NextEra Energy Partners (NEP) saw a significant drop in its stock price, declining by 16.9% during Thursday’s trading. This followed an 8% plunge the day before when the company revised its forecast for full-year run-rate adjusted EBITDA and growth-rate expectations for limited partner distributions. The company’s lower growth outlook prompted downgrades from J.P. Morgan and Oppenheimer, who both shifted their ratings from Buy to Neutral. J.P. Morgan analyst Mark Strouse further reduced the price target for NEP to $40 from the previous $69, citing the stock’s challenges in a cycle of higher cost of capital hindering growth and weighing down on its cost of capital.

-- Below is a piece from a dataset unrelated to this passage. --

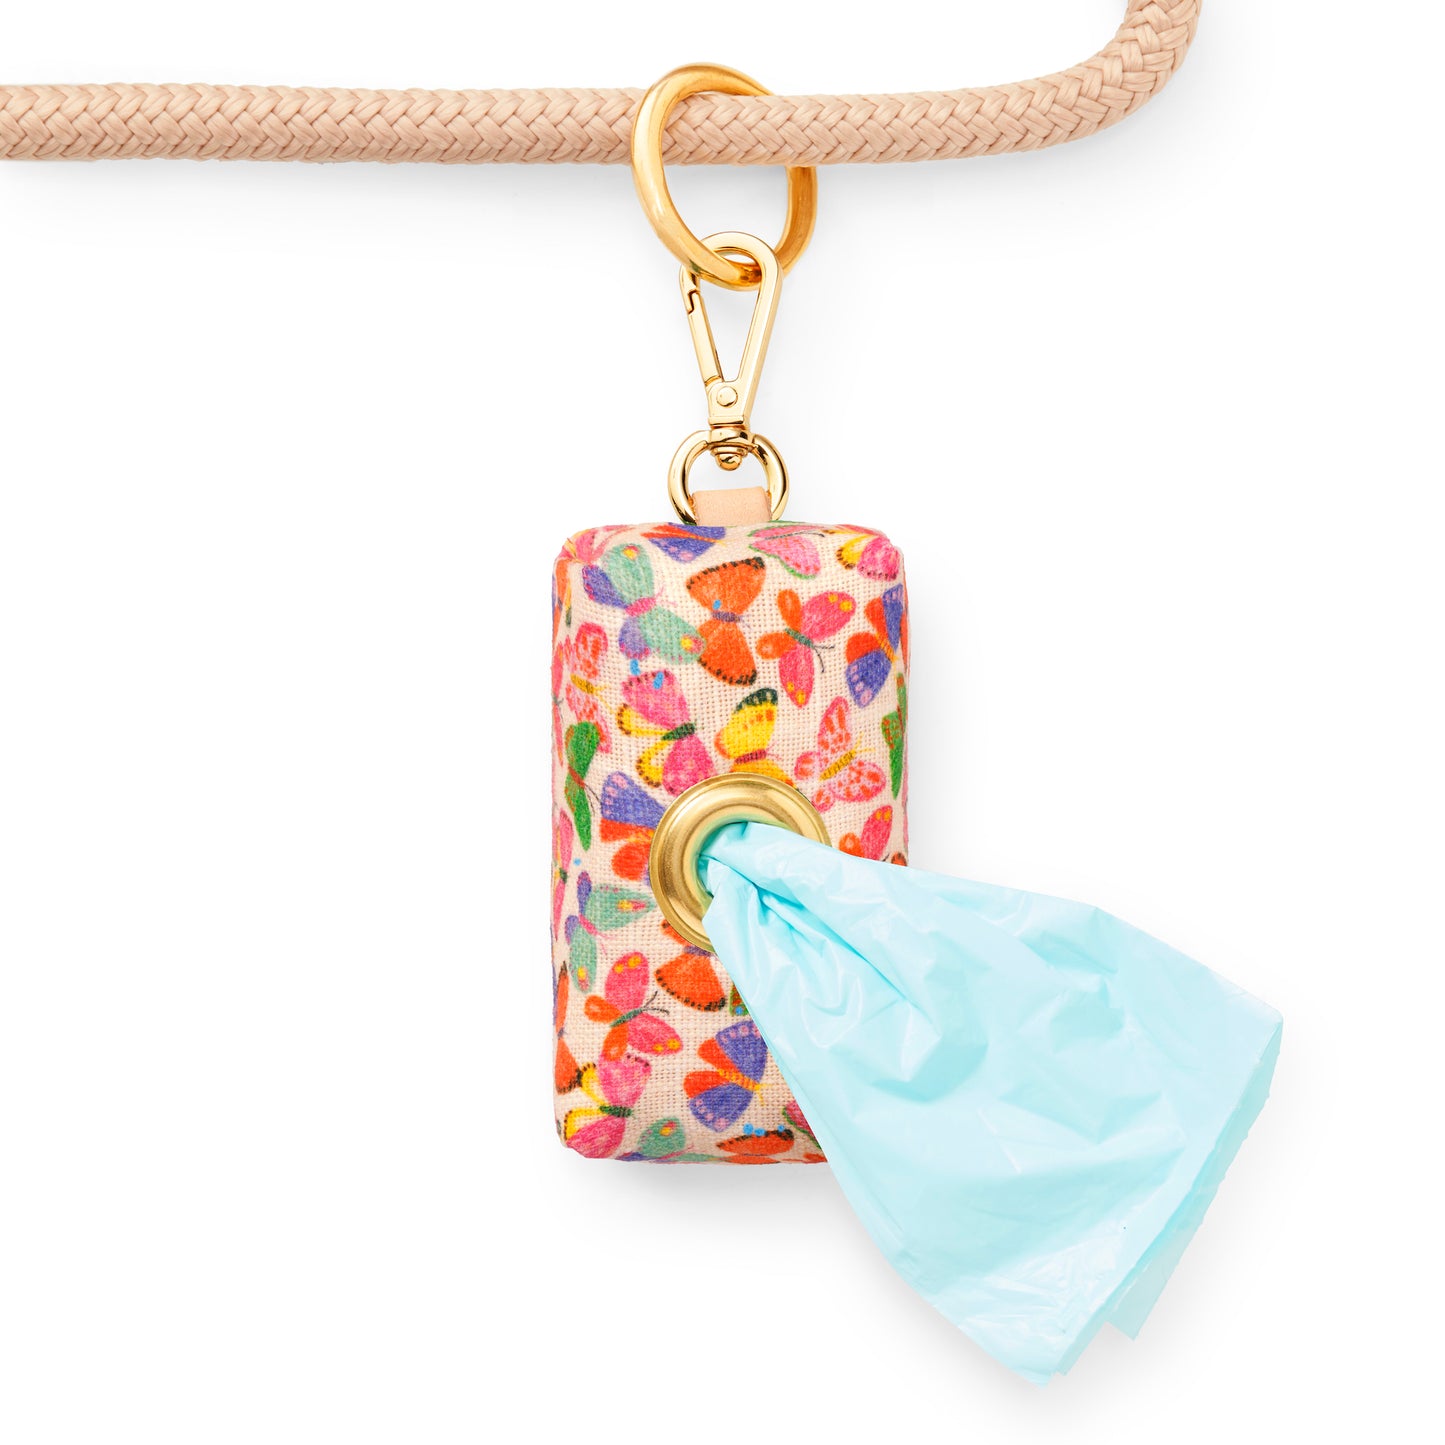 Bright Butterflies Waste Bag Dispenser from The Foggy Dog

Despite the downgrade, analysts still believe there are potential opportunities for NEP in the long term. Strouse stated that NEP’s prospects for dropdown acquisitions from NextEra Energy remain compelling and advised investors to keep an eye on the stock in case the cost of capital improves significantly. Oppenheimer’s Noah Kaye also emphasized the growth opportunities for NEP, considering the higher power purchase agreement rates for renewables, a favorable policy backdrop, and visibility to 58 GW of sponsor opportunities through 2026. However, Kaye emphasized that NEP needs to focus on executing accretive growth, divestitures, and debt refinancing in 2024-25.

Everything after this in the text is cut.